Then his mother came down, and her eyes were red with weeping.
“You have returned to a sad home, Henry,” she said kissing him. “We are an unlucky family: death and misfortune are always at our doors. You look very white, my dear boy, and no wonder. You had better try to eat something, since it is useless for you to attempt to see your poor father at present.”
So Henry ate, or made a pretence of doing so, and afterwards was helped upstairs to a room opposite to that in which his father lay dying, where he settled himself in an invalid chair which Sir Reginald had used on the few occasions when he had been outside the house during the past weeks, and waited. All that day and all the next night he waited, and still his father did not recover consciousness—indeed, Dr. Childs now appeared to be of opinion that he would pass from coma to death. Much as he wished to bid a last farewell to his father, Henry could not repress a certain sense of relief when he heard that this was likely to be the case, for an instinct, coupled with some words which Ellen had let fall, warned him that Sir Reginald wished to speak to him upon the subject of Miss Levinger.
But the doctor was mistaken; for about six o’clock in the morning, nearly twenty-four hours after he had reached the house, Henry was awakened by Ellen, who came to tell him that their father was fully conscious and wished to see him at once. Seating himself in the invalid chair, he was wheeled across the passage to the red bedroom, in which he had himself been born. The top halves of some of the window-shutters were partly open, and by the light that streamed through them into the dim death-chamber, he saw his father’s gaunt but still stately form propped up with pillows in the great four-post bed, of which the red curtains had been drawn back to admit the air.
“Here comes Henry,” whispered Lady Graves.
The old man turned his head, and, shaking back his snowy hair, he peered round the room.

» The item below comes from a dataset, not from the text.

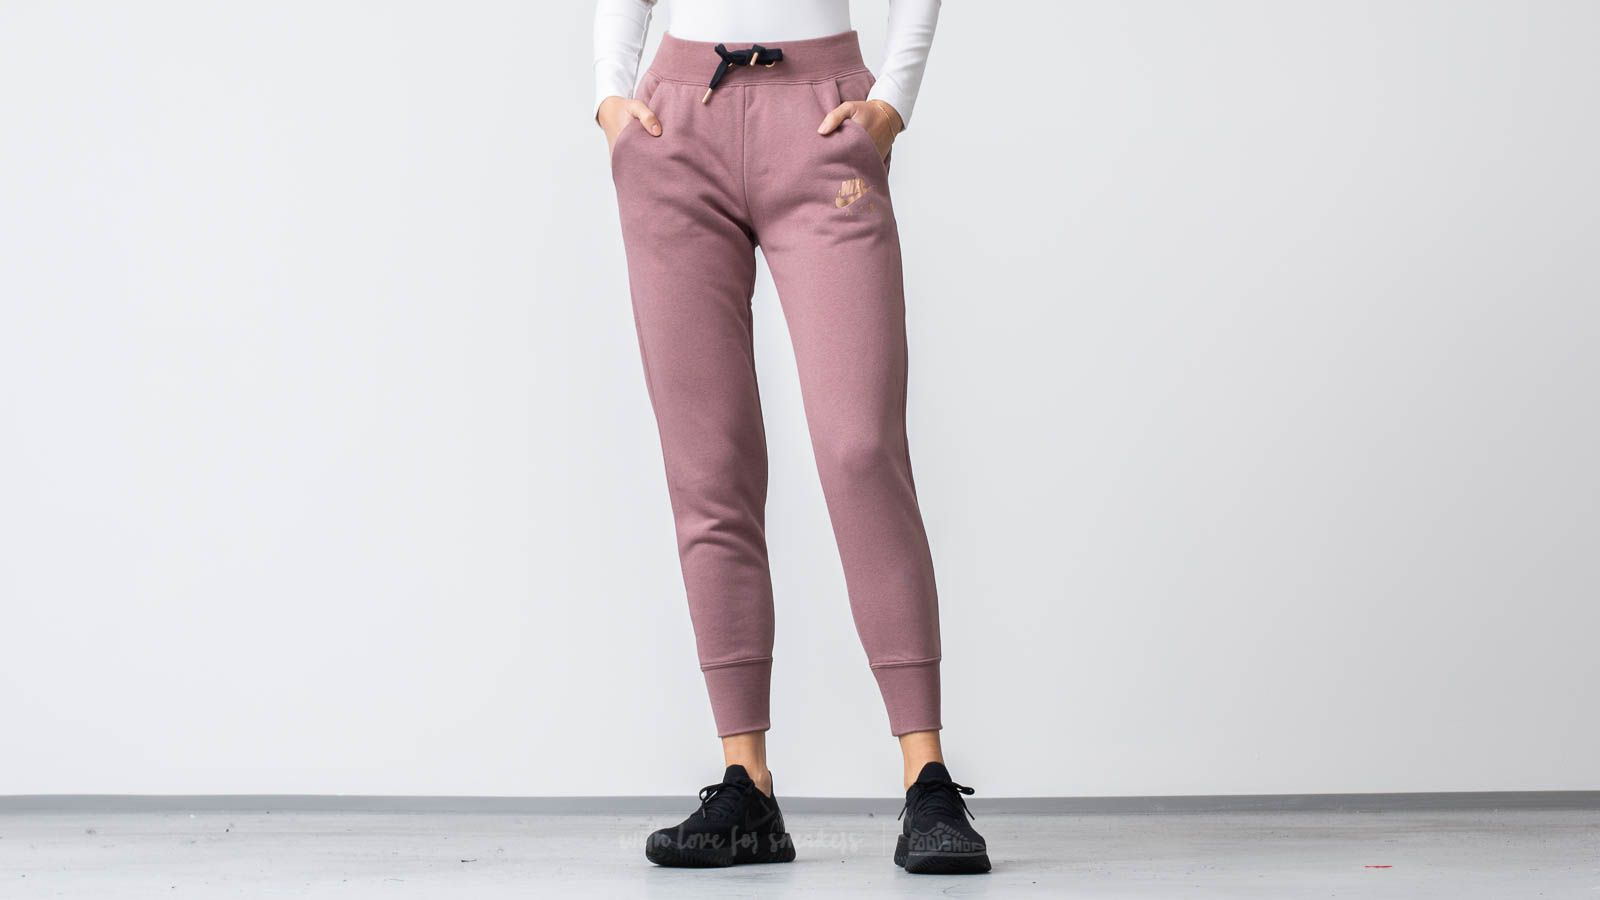 3026f0eb8 Nike Sportswear Air Fleece Pants Smokey Mauve/ Black | Footshop

“Is that you, my son?” he said in a low voice, stretching out a trembling hand, which Henry took and kissed. “You find me in a bad way: on the verge of death, where you have so lately been.”
“Yes, it is I, father.”
“God bless you, my boy! and God be thanked that you have been able to come to listen to my last words, and that I have recovered my senses so that I can speak to you! Do not go away, my dear, or you, Ellen, for I want you all to hear what I have to say. You know, Henry, the state of this property. Mismanagement and bad times have ruined it. I have been to blame, and your dear brother, whom I hope soon to see, was to blame also. It has come to this, that I am leaving you beggars, and worse than beggars, since for the first time in the history of our family we cannot pay our debts.”
Here he stopped and groaned, and Lady Graves whispered to him to rest awhile.